In 1952, Batista again ran for president. In a three-way race, Roberto Agramonte of the Orthodox Party led in all the polls, followed by Carlos Hevia of the Authentic Party. Batista's United Action coalition was running a distant third.

On March 10, 1952, three months before the elections, Batista, with army backing, staged a coup and seized power. He ousted outgoing President Carlos Prío Socarrás, canceled the elections and took control of the government as a provisional president.

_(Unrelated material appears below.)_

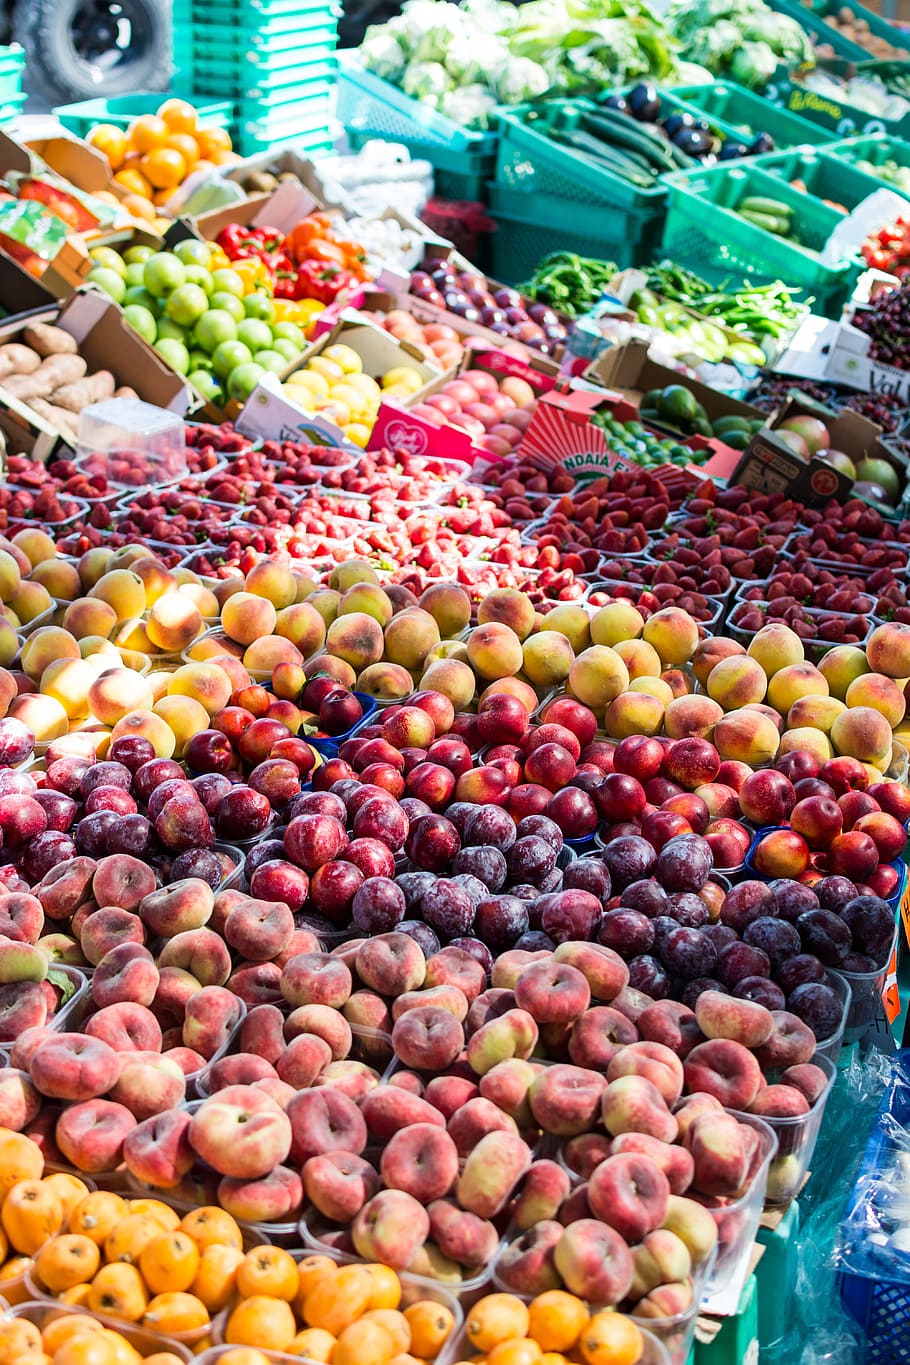 夏の果物市場, 夏の果物, 果物市場, 果物, 市場, 夏, 食品, 市場の屋台, 鮮度, 野菜

The United States recognized his government on March 27. When asked by the U.S. government to analyze Batista's Cuba, Arthur M. Schlesinger, Jr. said:

The corruption of the Government, the brutality of the police, the government's indifference to the needs of the people for education, medical care, housing, for social justice and economic justice ... is an open invitation to revolution.

===Economy of Cuba===
Upon his seizure of power, Batista inherited a country that was relatively prosperous for Latin America. According to Batista's government, although a third of Cubans still lived in poverty, Cuba was one of the five most developed countries in the region. In the 1950s, Cuba's gross domestic product (GDP) per capita was roughly equal to that of Italy at the time, although still only a sixth of that of the United States. Moreover, although corruption and inequality were rife under Batista, Cuban industrial workers' wages rose significantly. In 1953, the average Cuban family only had an income of $6.00 a week, 15% to 20% of the labor force was chronically unemployed, and only a third of the homes had running water. Despite this, according to the International Labour Organization, the average industrial salary in Cuba became the world's eighth-highest in 1958, and the average agricultural wage was higher than some European nations (although, according to one sample from 1956 to 1957, agricultural workers could only find employment for an average of 123 days per year while farm owners, rural tenants and sharecroppers worked an average of only 135 days per year). Not like in his first term, where he advocated for Corporatism, he began to advocate for Economic liberalism.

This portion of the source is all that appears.